» **TASK DIRECTIONS**: Look through the records below for the line holding "Okie Dokie Pattern". Write it out exactly, with each following line through the line holding "Spartan Hong Kong".

*** Opening of DATASET ENTRIES ***

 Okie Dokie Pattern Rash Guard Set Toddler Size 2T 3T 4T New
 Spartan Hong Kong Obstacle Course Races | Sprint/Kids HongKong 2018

*** Close of DATASET ENTRIES ***
*** Opening of DATASET ENTRIES ***

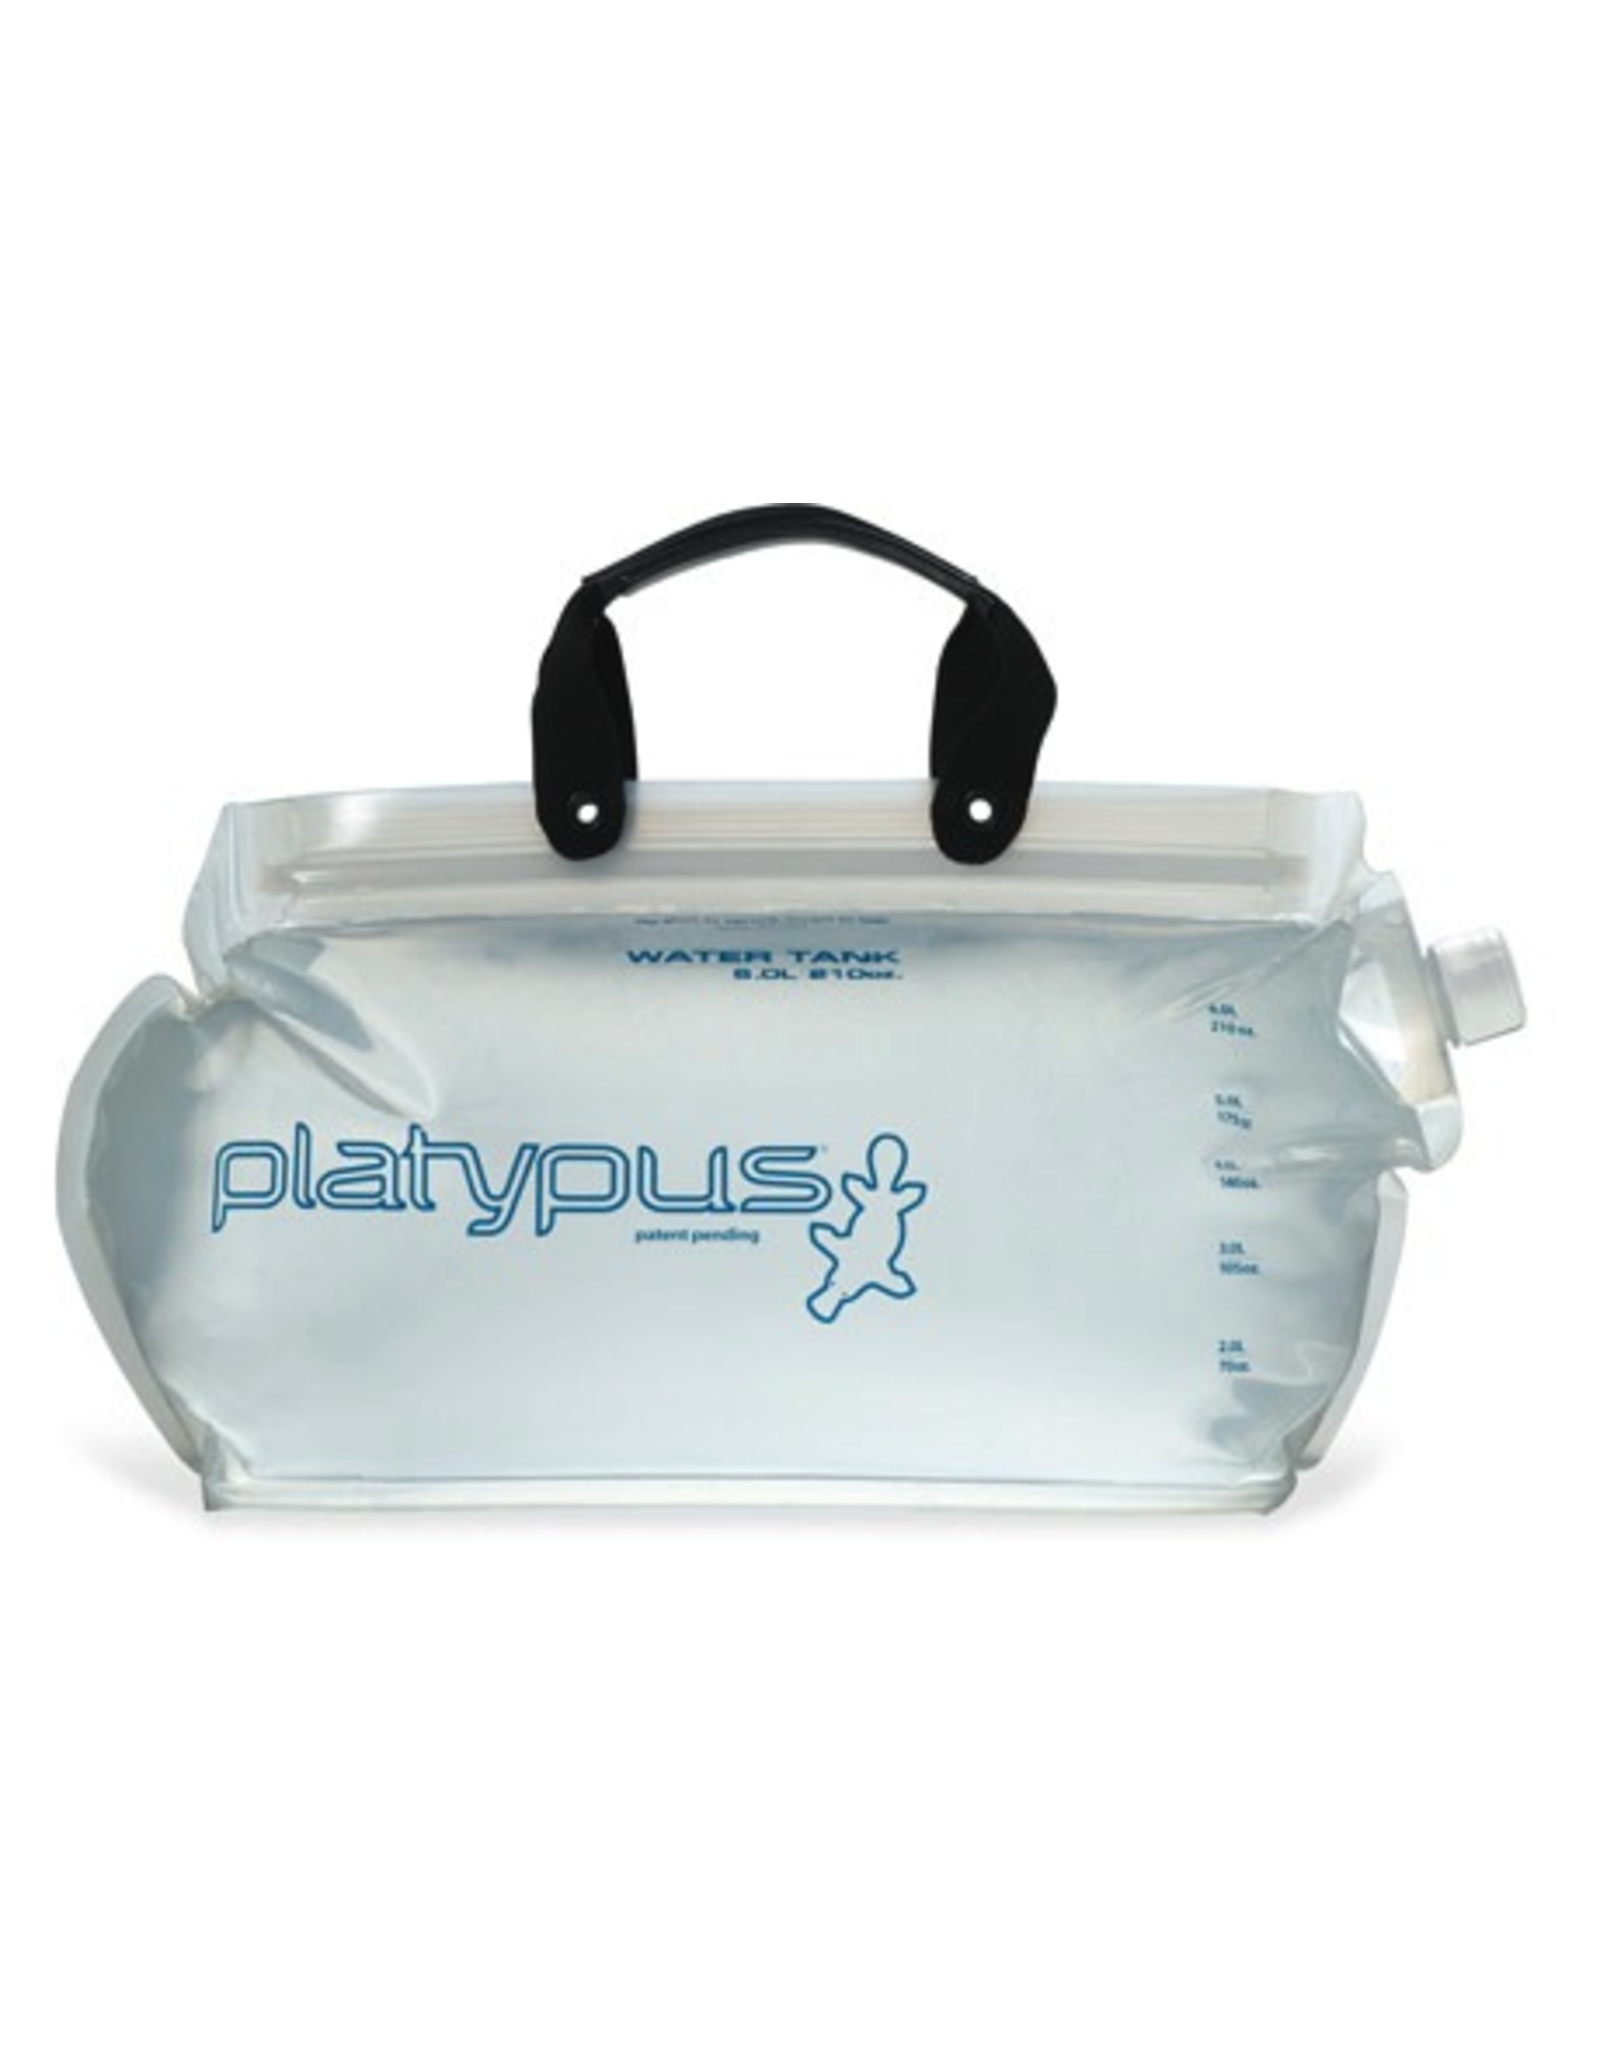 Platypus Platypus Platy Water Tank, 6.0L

*** Close of DATASET ENTRIES ***
*** Opening of DATASET ENTRIES ***

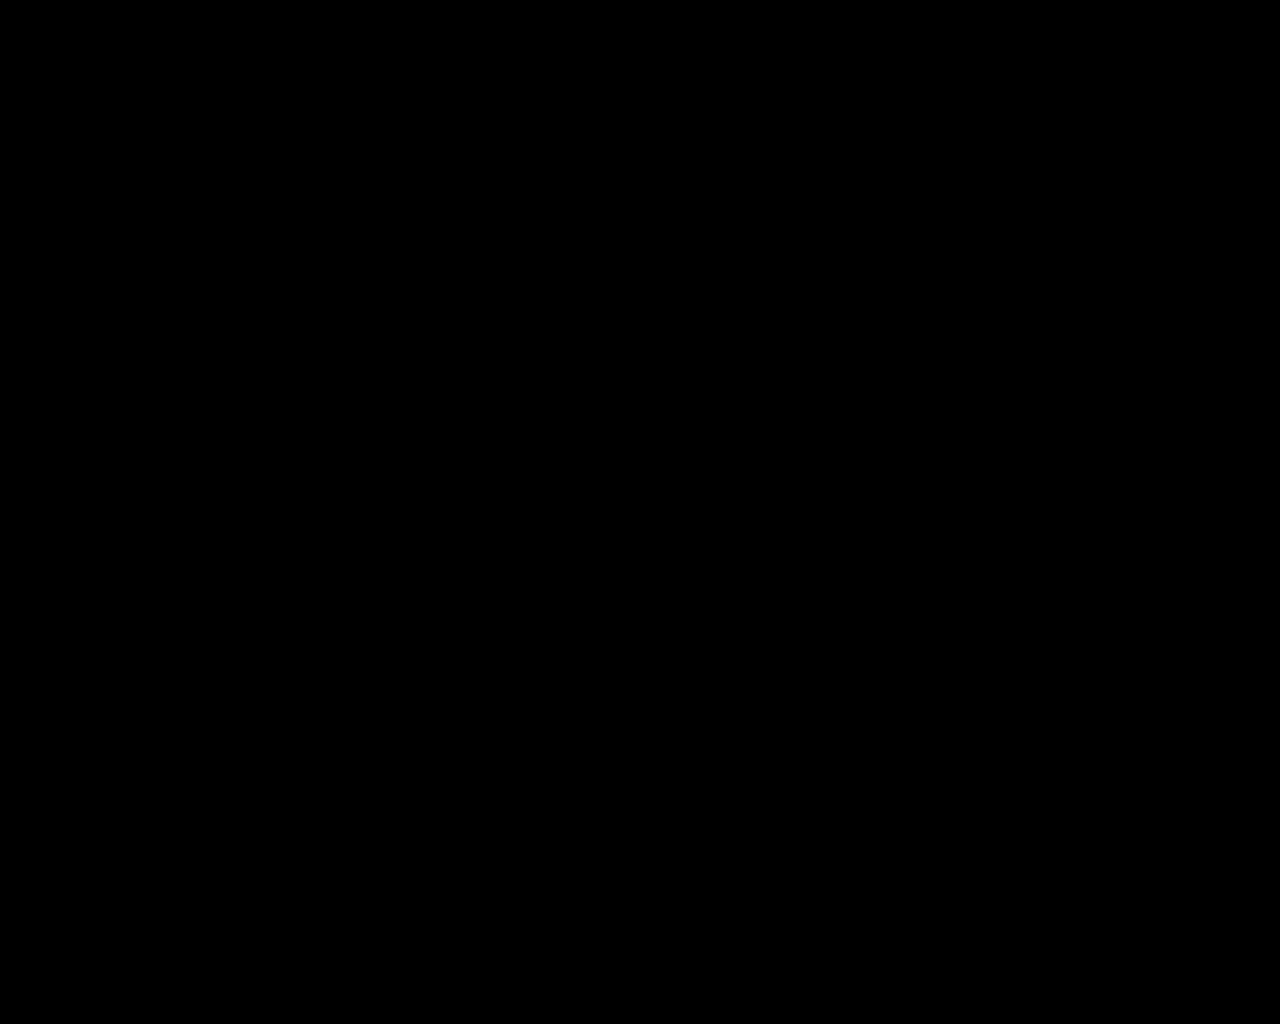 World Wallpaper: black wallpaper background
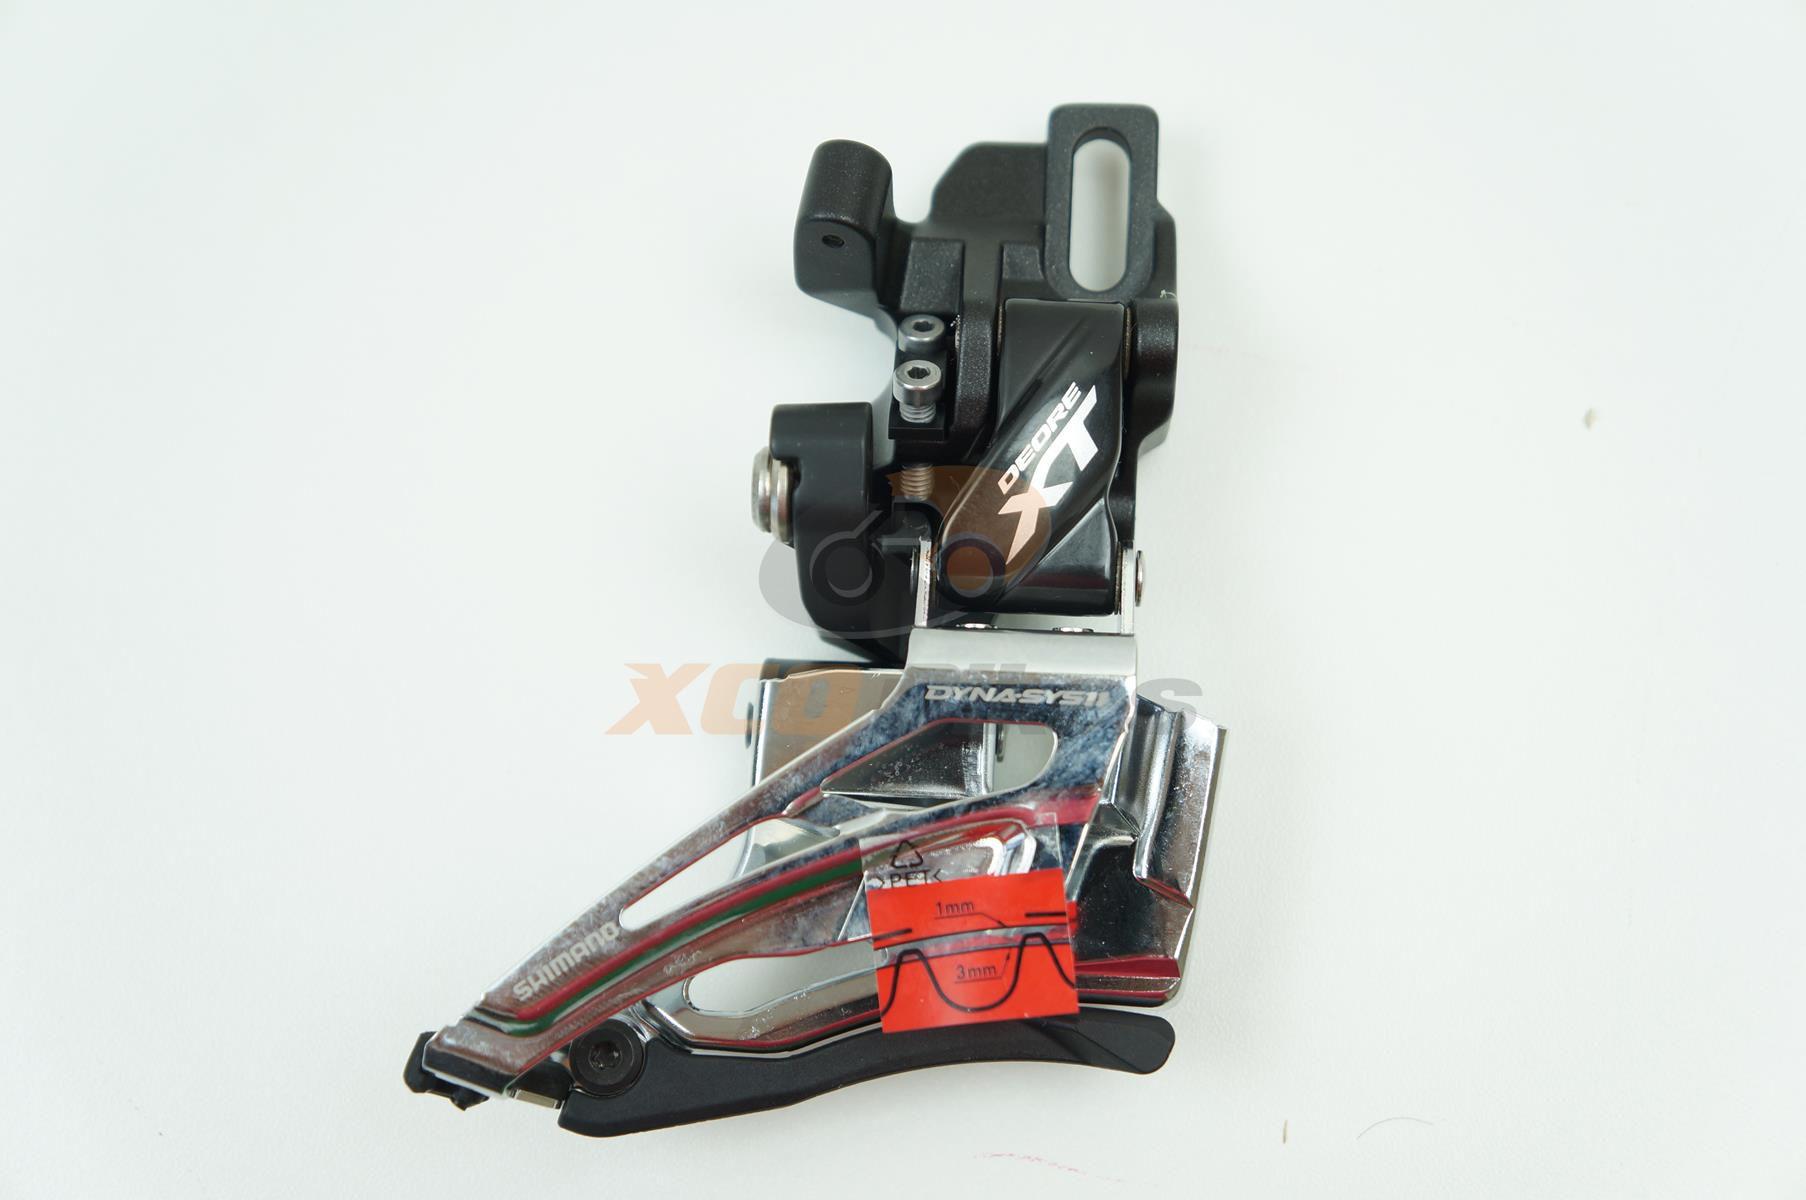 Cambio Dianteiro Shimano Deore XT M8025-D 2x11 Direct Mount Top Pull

*** Close of DATASET ENTRIES ***

» **TASK OUTPUT**:
 Okie Dokie Pattern Rash Guard Set Toddler Size 2T 3T 4T New
 Spartan Hong Kong Obstacle Course Races | Sprint/Kids HongKong 2018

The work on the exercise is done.